In this article, we suggest making one’s singing pop better. For more ideas, you can check Ted’s List.
What Pop Singing Is
Almost like any other form of singing, pop singing is about communication.
However, as opposed to classical singing, when it is essential to note when to take breaths and when to observe dynamics, in pop singing, a vocalist can take a breath in between syllables or take abrupt cuts – as they deem fit for the song and the moment.
Pop singing is also known for adding inflections to give a song more expression.
It is also known for having singers use more resonance than classical singers’ twang (a bright and forward sound caused by a narrowed epiglottis).
Lastly, pop singing requires less vibrato and tends to be lighter. Pop singers also use their chest tone more often than classical singers, who have a head-dominant mixed voice.
How to Make One’s Pop Singing Better
If you are a pop singer trying to better your craft, below are the things you may wish to note. After all, pop singing techniques vary from one singer to another – some prefer full-belt pop singing while others do the breathy, quiet type.
1. Learn how to do a full belt.
Most people consider full belting a staple of pop singing, given that some of the most known pop vocalists are belters.
Think of belting as a way to increase the intensity of emotions in a song you wish to interpret. Pure belting is all about creating a sustained and powerful sound, almost similar to shouting to your siblings and asking them to hurry up on a school morning.
Listen to pure belt examples by some of the best pop singers like Whitney Houston. Almost all of her tracks employ full belting.
2. Mind your physical activities when you sing.
Others think that pop singers fail when they do not exercise proper breathing control. While there is a hint of truth in that statement, most of the things that set up a pop singer (or any singer) for success is knowing what to do with their bodies when they sing.
So that you can make your singing better, your shoulders must not be rising when you breathe. That indicates that your breathing is shallow, and rising shoulders only put a lot of pressure on your vocal cords.
When you sing, be mindful of how you breathe and how it starts much lower down in your body – your diaphragm muscles and stomach.
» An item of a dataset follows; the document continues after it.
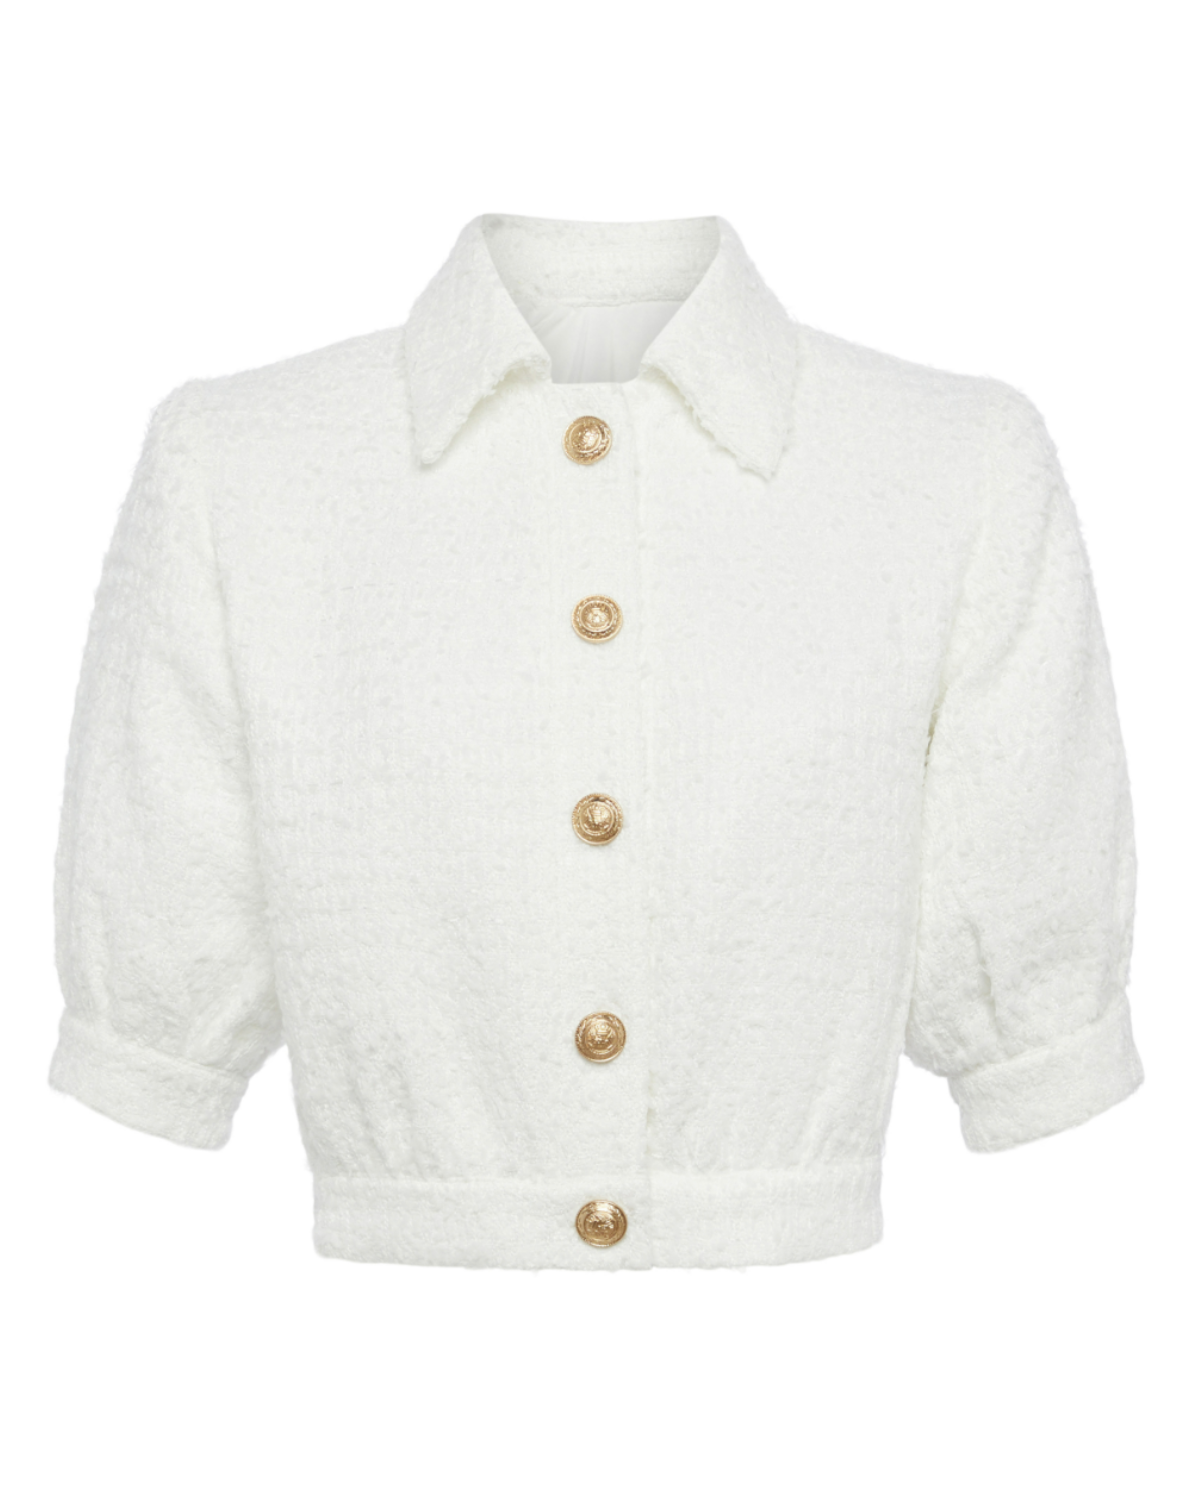 Cove Crop Short Sleeve Jacket (White)

You’re doing it incorrectly if you start noticing that your stomach goes in instead of expanding while you breathe and sing.
3. Try various pop singing techniques other than the belting.
To embellish your pop singing with variety, try imitating well-known pop techniques like whisper pop and vocal fry.
Vocal fry is a technique when a vocalist intentionally makes one’s voice creak for dramatic effect.
Whisperpop is when one tries to sing and sound like they’re barely there but sings in a very light, breathy manner, making way for a balanced, relaxed sound.
4. Sing as close to your speaking voice as much as possible.
Another technique that beginning pop singers must note is that pop singing is almost synonymous with just using your regular speaking voice, but with styles and inflection. We all have distinct voices, making a pop singer’s tone unique.
Then, most pop singers usually prepare to sing with a relaxed speaking tone.
Given that our singing voice is an extension of our speaking voice, you’re off to a good start – after all, pop singing uses a lot of chest voice, which is our speaking voice.
Remember, there’s only one like you.
While it’s great to imitate known singers’ techniques, use that only as a springboard into discovering a sound that is yours and yours alone.
5. Study advanced pop singing techniques in detail.
Lastly, a great way to learn and sing better is to observe singers’ choices and the details in their song interpretations.
Listen to the choices that singers make; whether they bend up to the notes in the middle of a phrase or fall off the notes at the end, there is something to learn there.
You may also want to study how to do vocal runs to emphasize certain words in a song. You can do this, too, by building dynamics or elongating phrases of your choice.
This way, you get to play with the melodies, too.
The Bottom Line
There is no single rule book for pop singing, similar to how pop music styles change and adapt with the times (hence it’s called ‘popular’ music).
The tips above, however, hopefully, help in giving you some idea on how to improve pop singing and understand it better.
Remember, too, that singing, like other crafts, takes practice and time. Starting to learn pop singing on Day 1 won’t make you a Mariah Carey the next day.
It requires skill, patience, and effort to learn all techniques and, more importantly, find your distinct sound.